The first concept is that, although we often think of forgiveness in the text of forgiving others, we need to think of forgiving ourselves for all that we lay blame. This can become a major pitfall for people with psychiatric disorders.
Using myself as an example, I remember often feeling guilty and blaming myself for becoming sick. It was my fault I was so depressed, anxious, self-abusive and suicidal. I also blamed myself for all the hurt and hardships I placed upon others, especially those closest to me. Whether it was the pain of others not being able to help me, or others having to make sure bills were paid and that I went to doctor appointments, it was only because of me that they had to go through this. Even after I had recovered, I remember continuous guilt and self-blame.

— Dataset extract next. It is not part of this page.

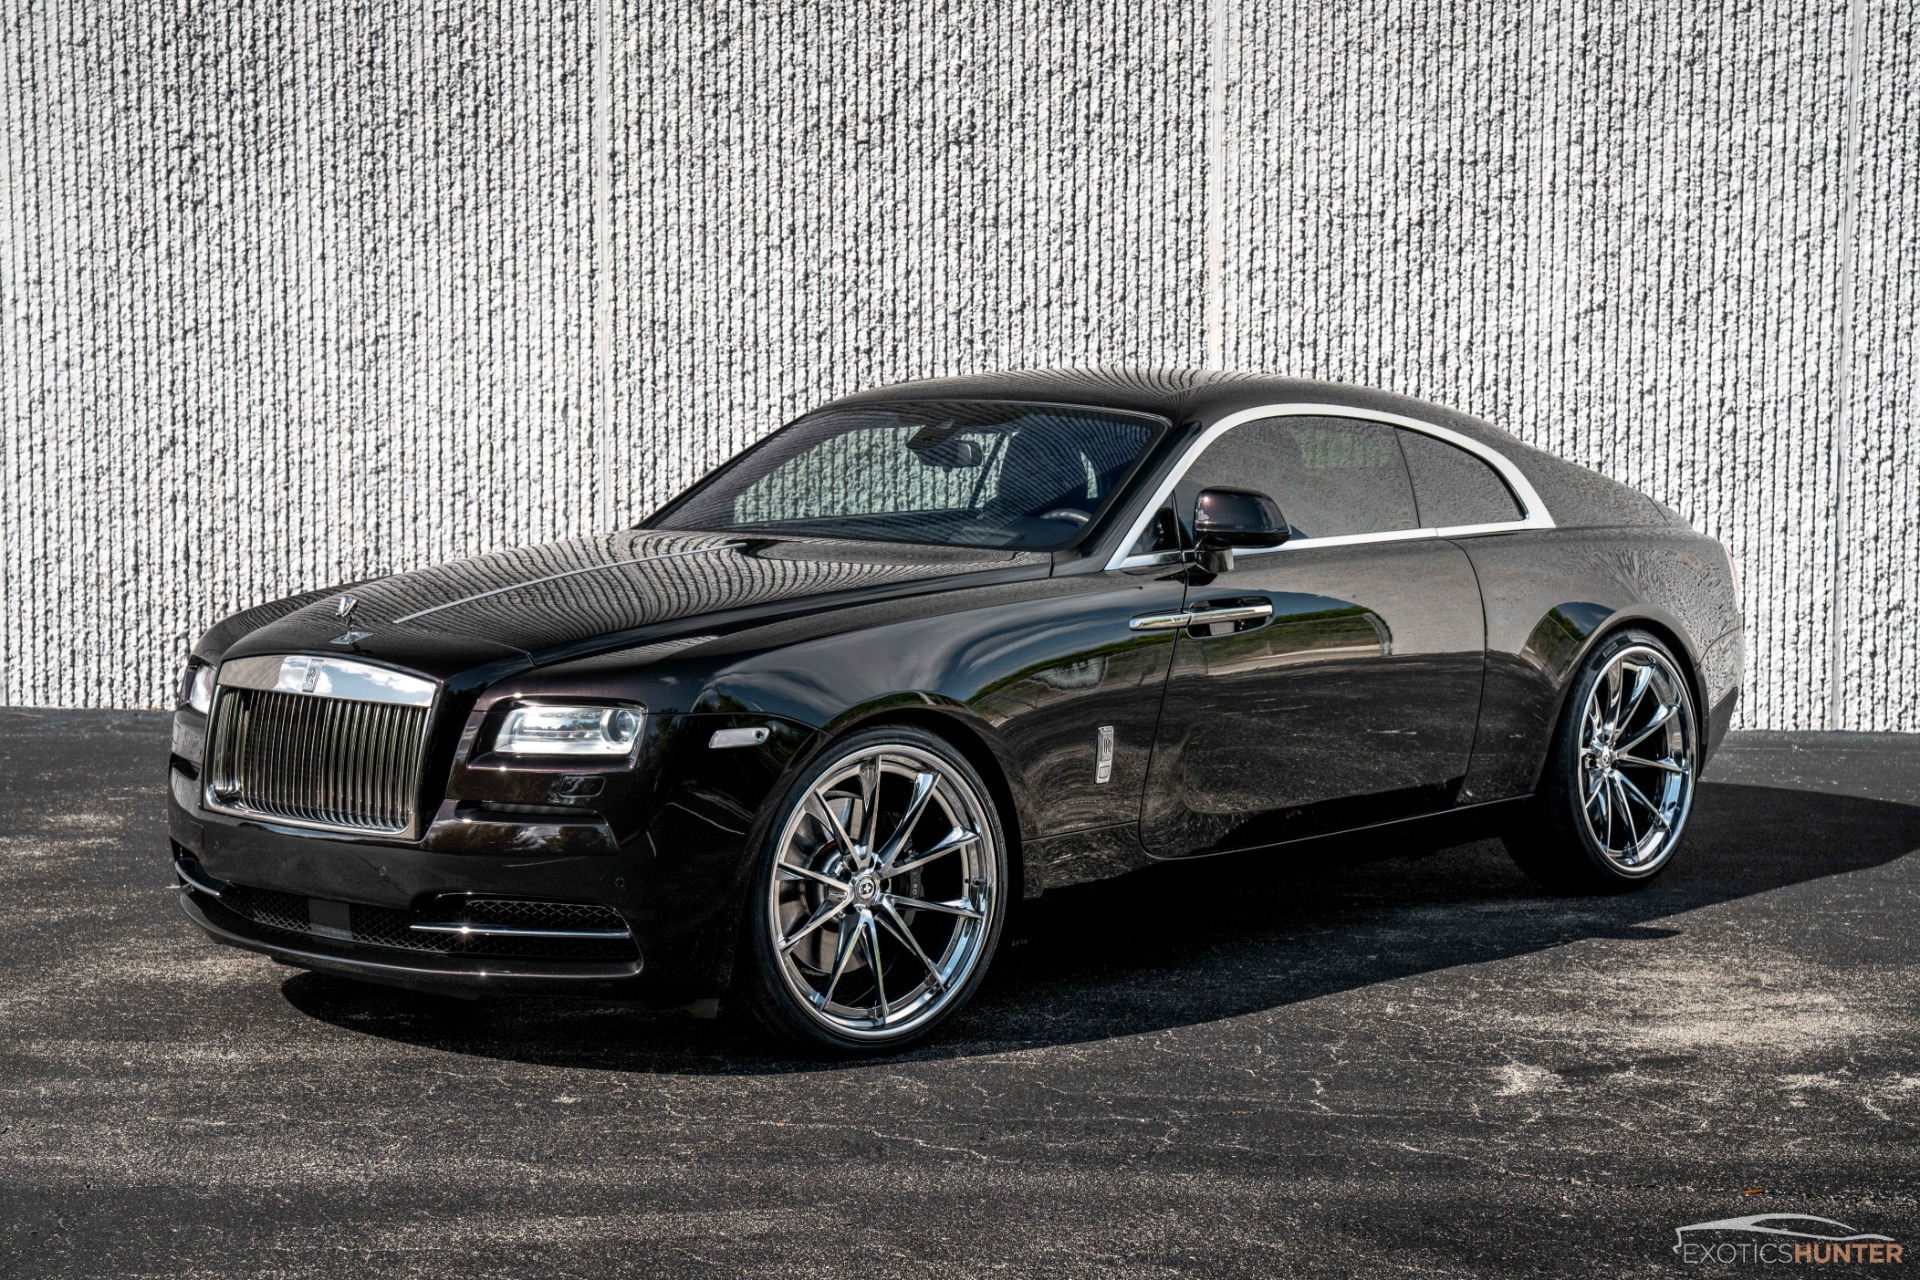 24 inch ConcavoM rims on the noble Rolls Royce Wraith

What finally turned the tables for me was a conversation during a therapy session. The therapist had asked me that if the roles were reversed, and it was a loved one who had gone through what I had, would I wish for them to keep blaming themselves? After some thought, I came up with the conclusion that: of course I wouldn’t want them to; that I would just feel happy that they were feeling so much better. Once that thought started to really sink in, I started to slowly realize that I shouldn’t be blaming myself, and my friends and loved ones were happy that I was feeling better. I learned to forgive myself, which was the best thing I could do for myself, as well as my friends and loved ones.

The next concept has to do with forgiving others. This has been a topic of major controversy for as long as time. I hated my own father for as many years as I can remember. He was an alcoholic whose behavior was the reason our family grew up very poor, even though my mother worked full time. He was also verbally abusive and a major cause for my low self-esteem, which extended long past childhood. I swore I would never forgive him for all the harm he caused, even after he passed away. What I didn’t realize at that time was by not forgiving him, and being full of all that hatred, I was only hurting myself. I certainly wasn’t hurting him. When I finally decided to forgive him, it was as if a giant breath of stress that had accumulated over decades left my body. I could now focus more on the present instead of dwelling on the past. What I’m saying is that whether the person deserves forgiveness or not, finding it within your heart to forgive is in your best interest, even if not theirs.

Also, when I’m talking about forgiving someone, I’m talking about internally, in your heart. I’m not saying you have to physically go up to them and tell them you forgive them (unless you want to). This forgiveness is a gift you are giving to yourself. And a most precious gift it is.